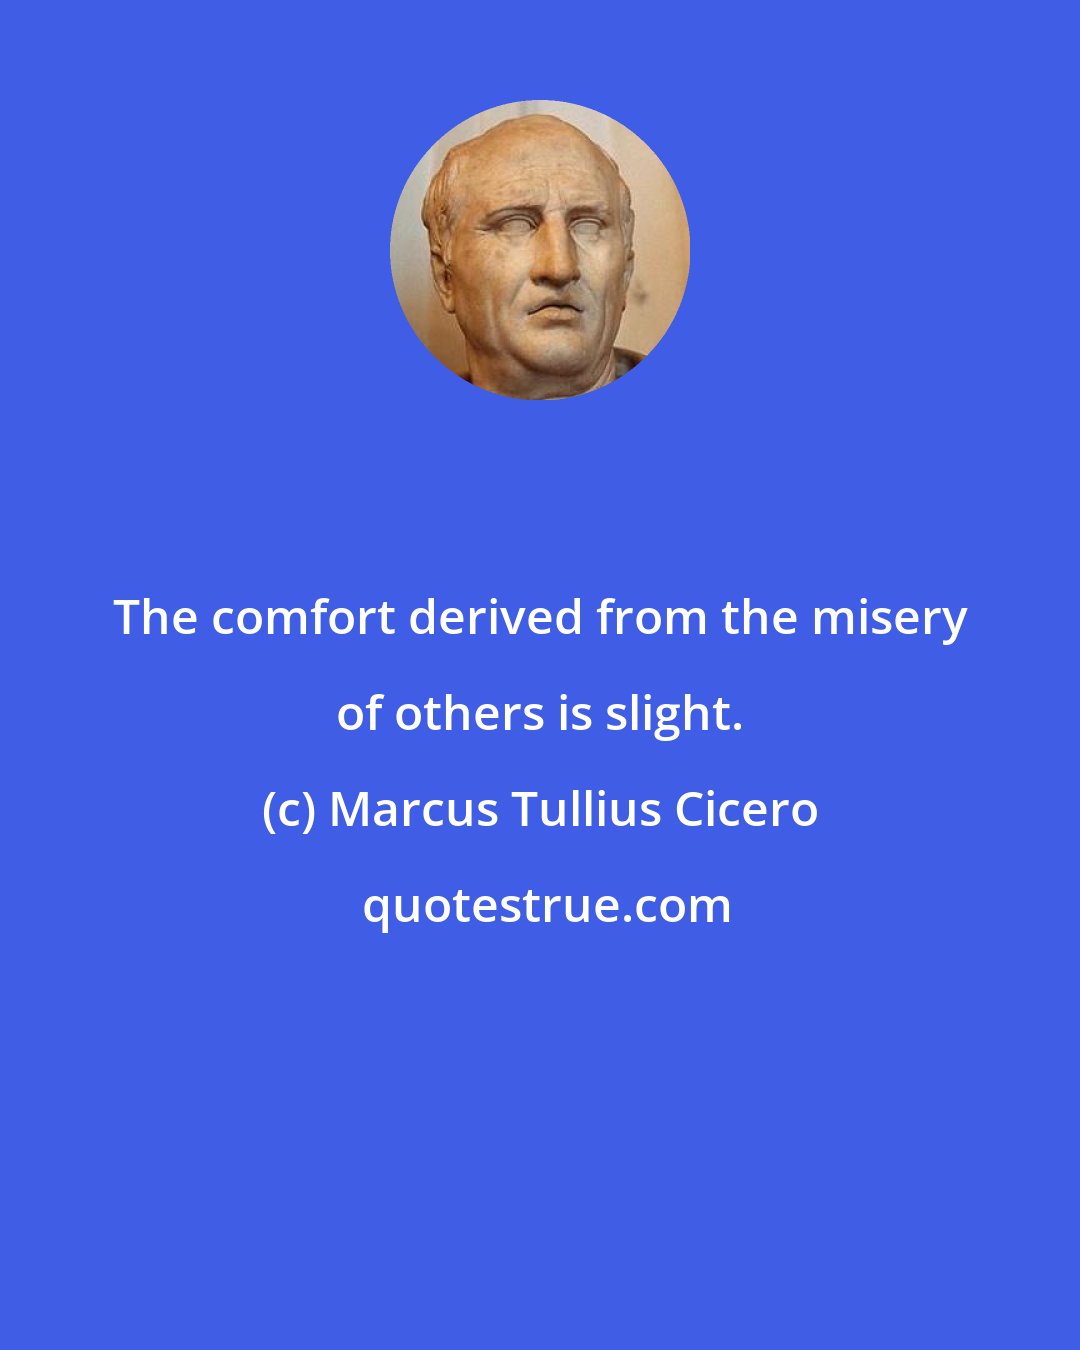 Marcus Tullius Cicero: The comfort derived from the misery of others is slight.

——————————

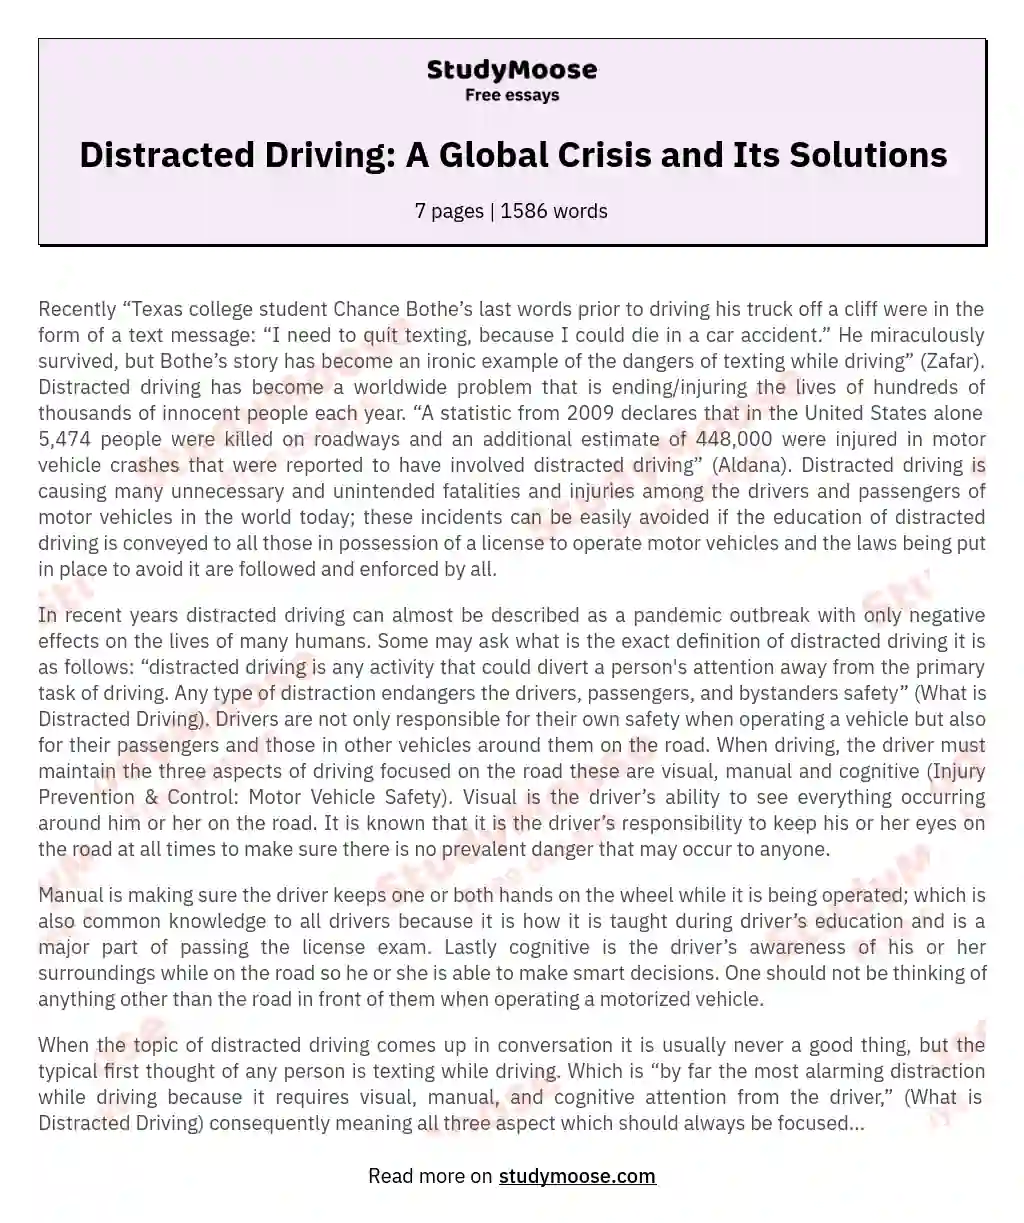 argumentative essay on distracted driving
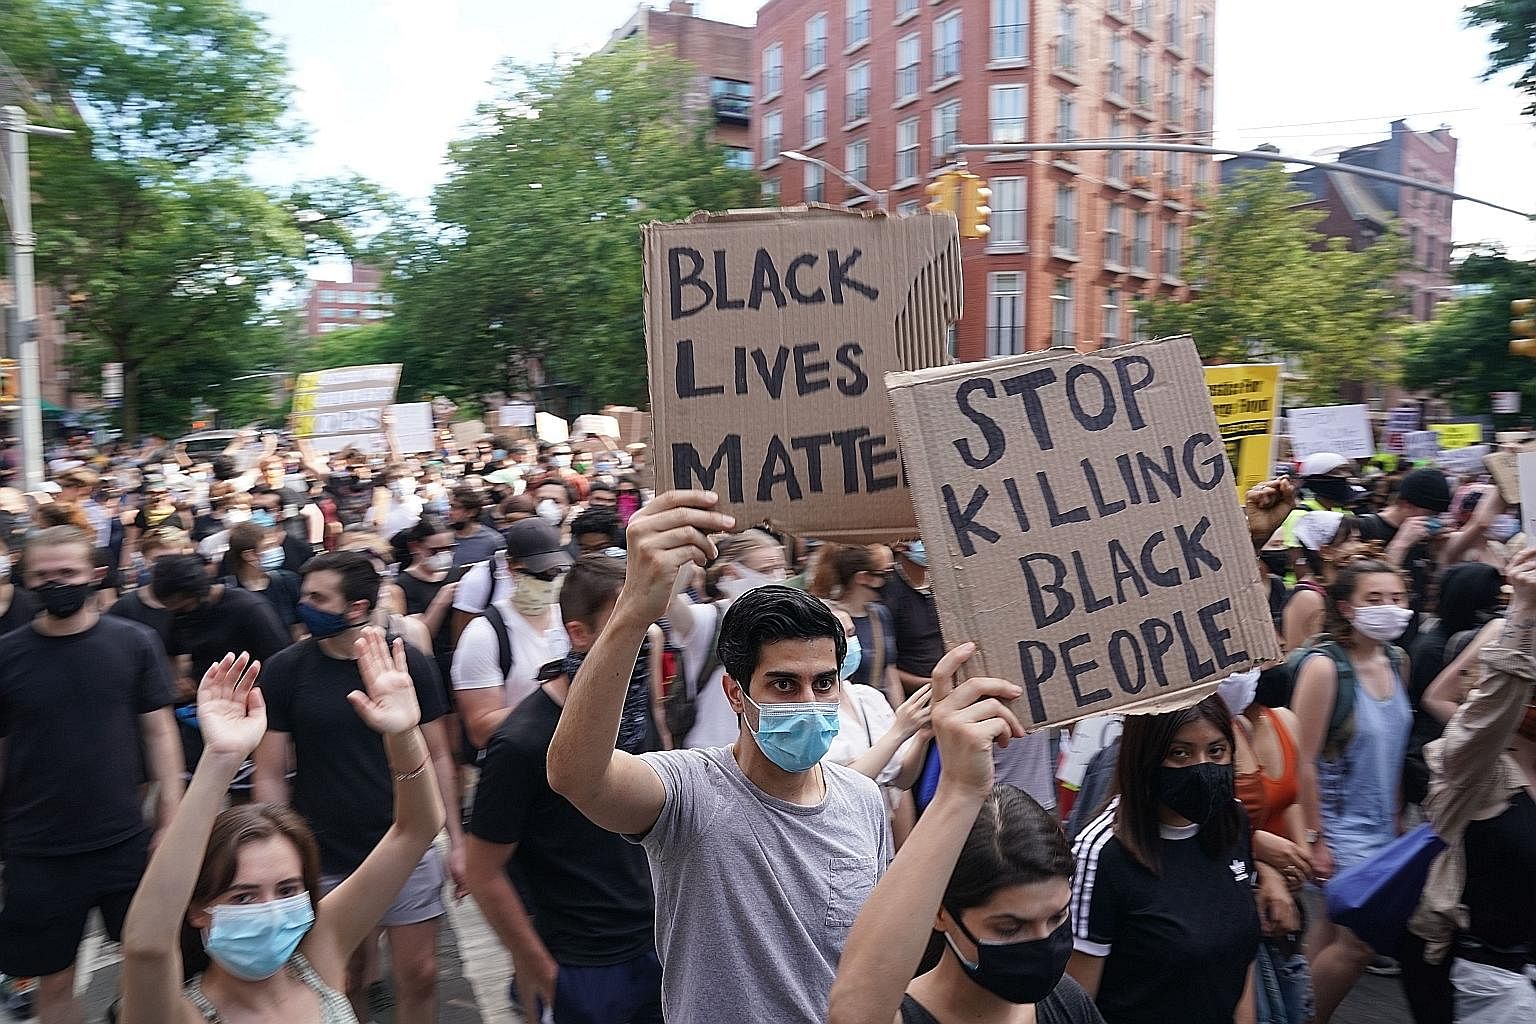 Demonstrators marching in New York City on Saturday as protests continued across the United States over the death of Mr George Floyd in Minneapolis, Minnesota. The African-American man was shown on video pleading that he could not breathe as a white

——————————

* _Work request_
In the records above, find the line with "argumentative essay on distracted driving" and the line with "Demonstrators marching in"; please transcribe exactly those two lines and all lines between them, omitting any picture.

* _Task answer_
 argumentative essay on distracted driving
 Demonstrators marching in New York City on Saturday as protests continued across the United States over the death of Mr George Floyd in Minneapolis, Minnesota. The African-American man was shown on video pleading that he could not breathe as a white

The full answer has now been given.